Noindex
A rel=”noindex” directive is used to instruct search engines not to include a page within their index, to prevent it from appearing within search results. Our SEO Office Hours Notes below explain the use of this directive, along with further advice compiled from Google’s Office Hours sessions and real-world examples.
For more on noindex directives, check out our article: Noindex, Nofollow & Disallow.
Google Will Ignore Links on Noindexed Pages Over Time
If pages are noindex, Google will ignore those links over time. If you have pages which are only linked from noindex pages then Google may not see the linked pages as important.
Google May Treat Noindex Pages as Soft 404
Google may treat a noindex page as a soft 404, which are equivalent in how they are treated in search results. If you want them to be re-indexed, you need to let Google know the pages have changed, such as submitting in a Sitemap with a last modified date.
Options For Out of Stock Items Include Noindexing, Returning a 404, Adding Schema or Redirecting to a Replacement
Out of stock items can be dealt with by specifying in HTML and schema to show it is not available. Alternatively, the page can be noindexed, return a 404 or be redirected to a replacement product.
Google Would View a Page Canonicalized to a Noindex URL as a Noindexed Page
If you have a canonical link pointing to a page that is noindexed, the page canonicalised to it would also be considered noindex. This is because Google would view it as a redirect to a noindex page and therefore drop it.

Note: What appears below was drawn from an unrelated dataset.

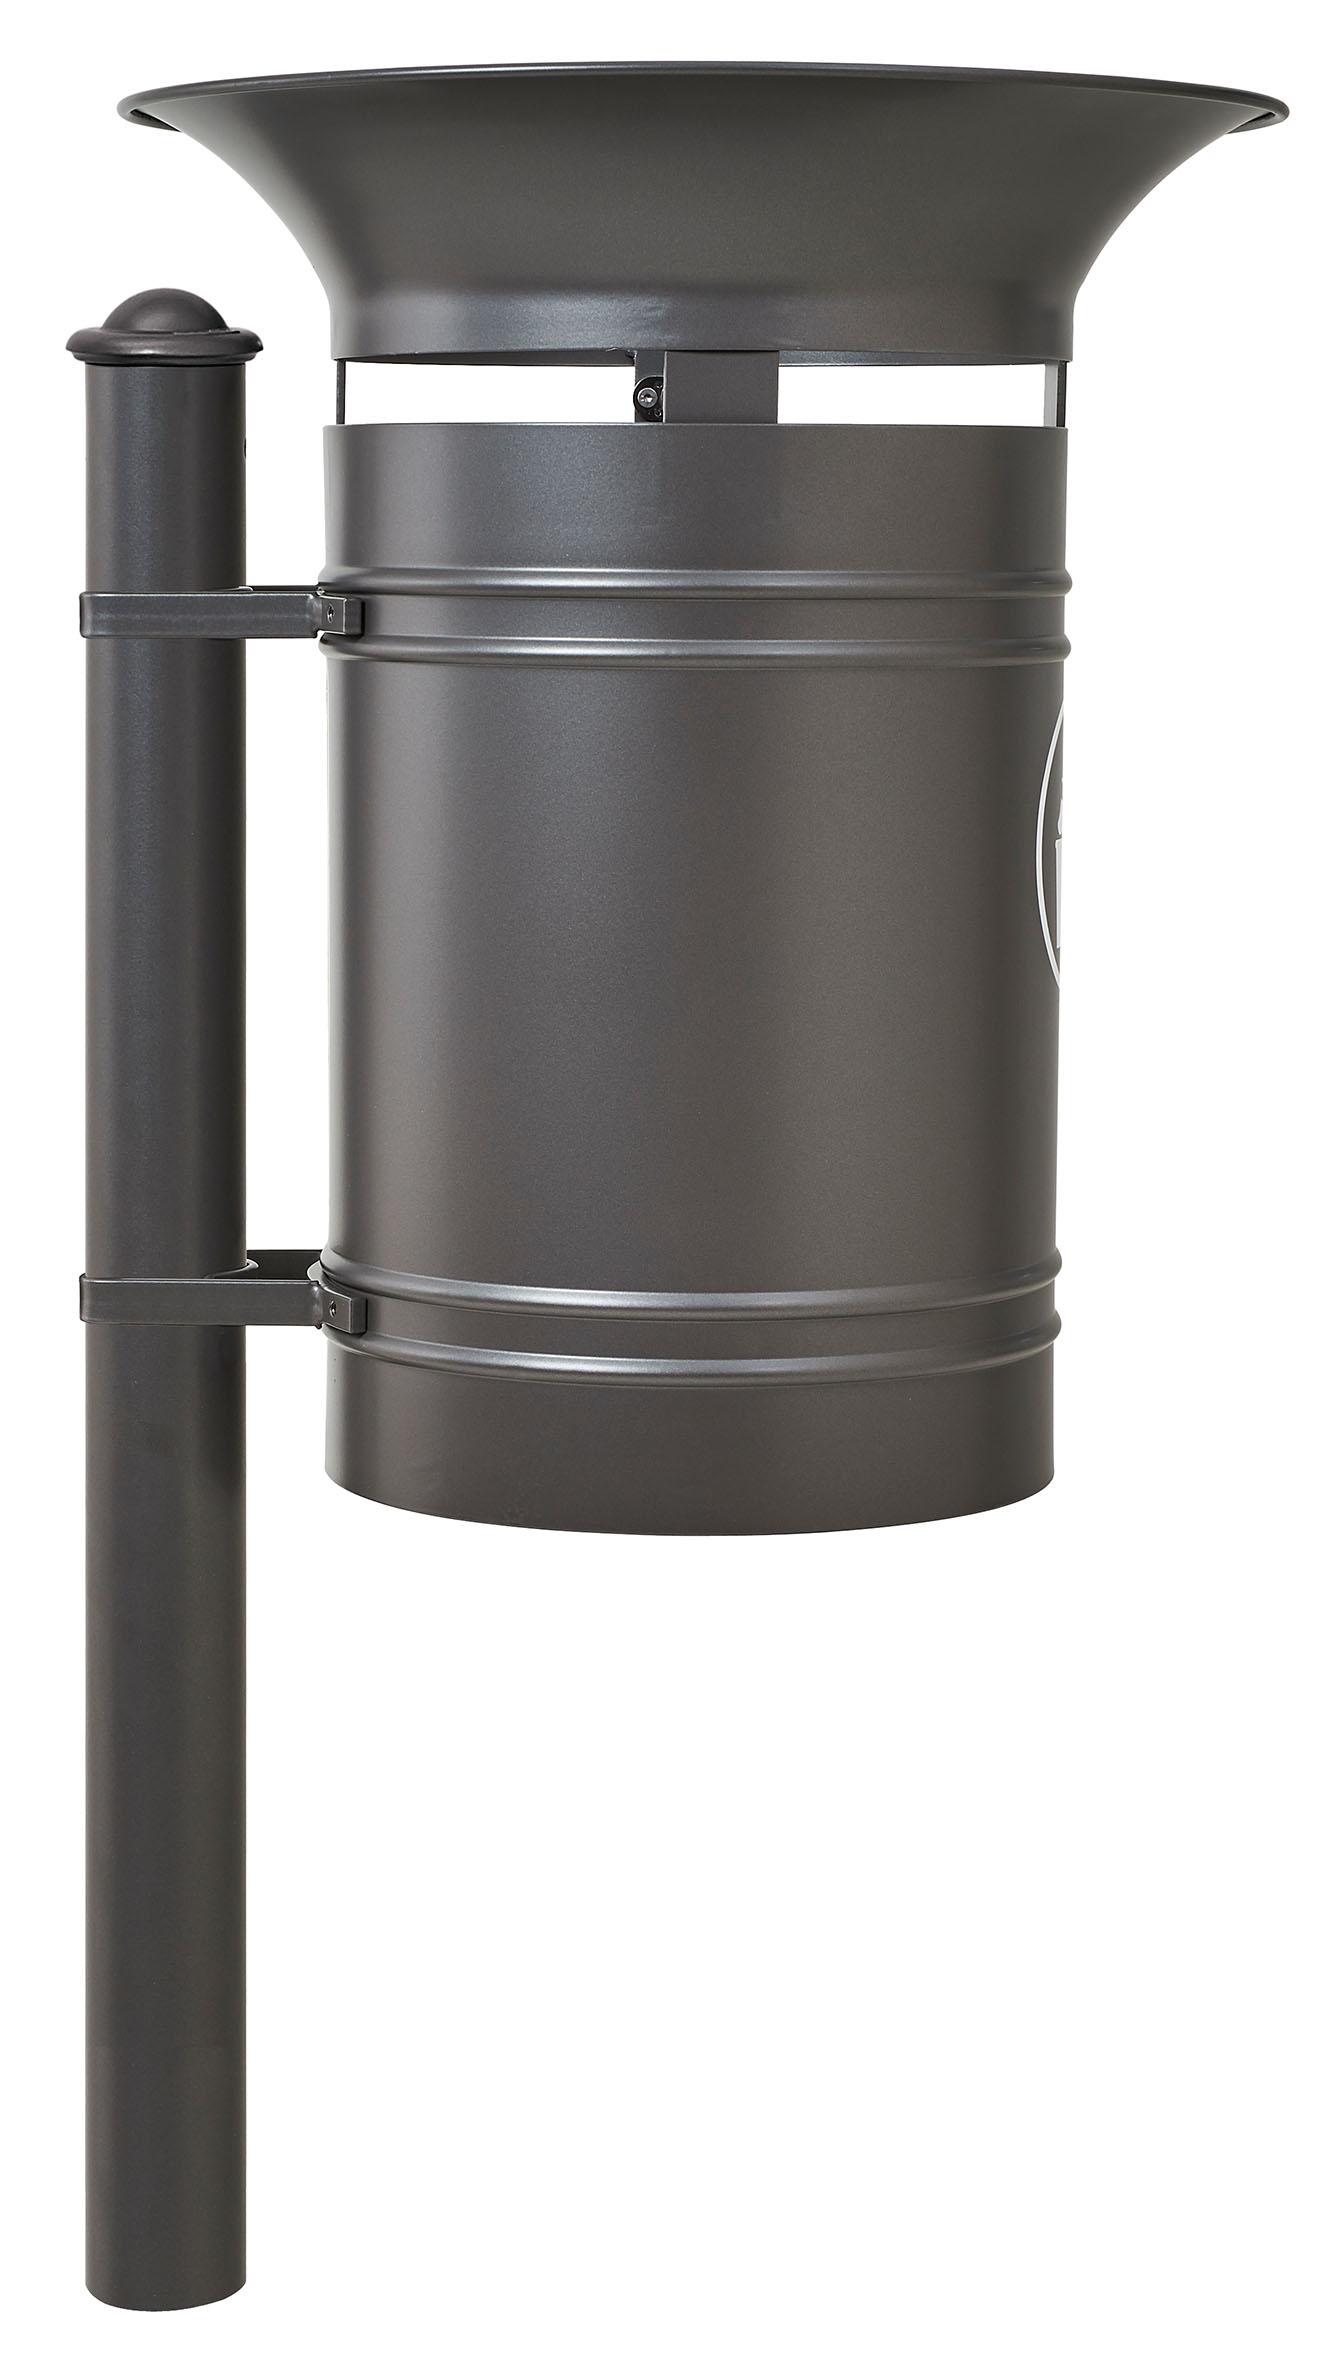 Abfallkorb Valencia 40 Liter

There is No Risk of a Noindex Signal Being Transferred to the Target Canonical Page
If a page is marked as noindex and also has a canonical link to an indexable page, there is no risk of the noindex signal being transferred to the target canonical page.
Using Noindex Header Tag Will Not Prevent Google From Viewing a Page
Including a ‘noindex X-Robots-Tag’ HTTP header directive on a sitemap file will not affect how Google is able to process the file. You can also include this directive on other documents such as CSS files, as it will not affect how Google views them, instead it will just prevent them from showing up in a web search.
Either Disallow Pages in Robots.txt or Noindex Not Both
Noindexing a page and blocking it in robots.txt will mean the noindex will not be seen, as Googlebot won’t be able to crawl it. Instead, John recommends using one or the other.
Noindex Thin Pages That Provide Value to Users on Site But Not in Search
Some pages on your site may have thin content so it won’t be as valuable to have them indexed and shown in search, but if they are useful to users navigating your website then you can noindex them rather than removing them.
Google Will Use Other Canonicalization Factors If the Canonical Is Noindex
Google would receive conflicting signals if a canonical points to a noindex page. John suggested that Google would rely on other canonicalization factors in this scenario to decide which page should be indexed, such as internal links.
Only Use Sitemap Files Temporarily for Serving Removed URLs to be Deindexed
Sitemap files are a good temporary solution for getting Google to crawl and deindex lists of removed URLs quickly. However, make sure these sitemaps aren’t being served to Google for too long.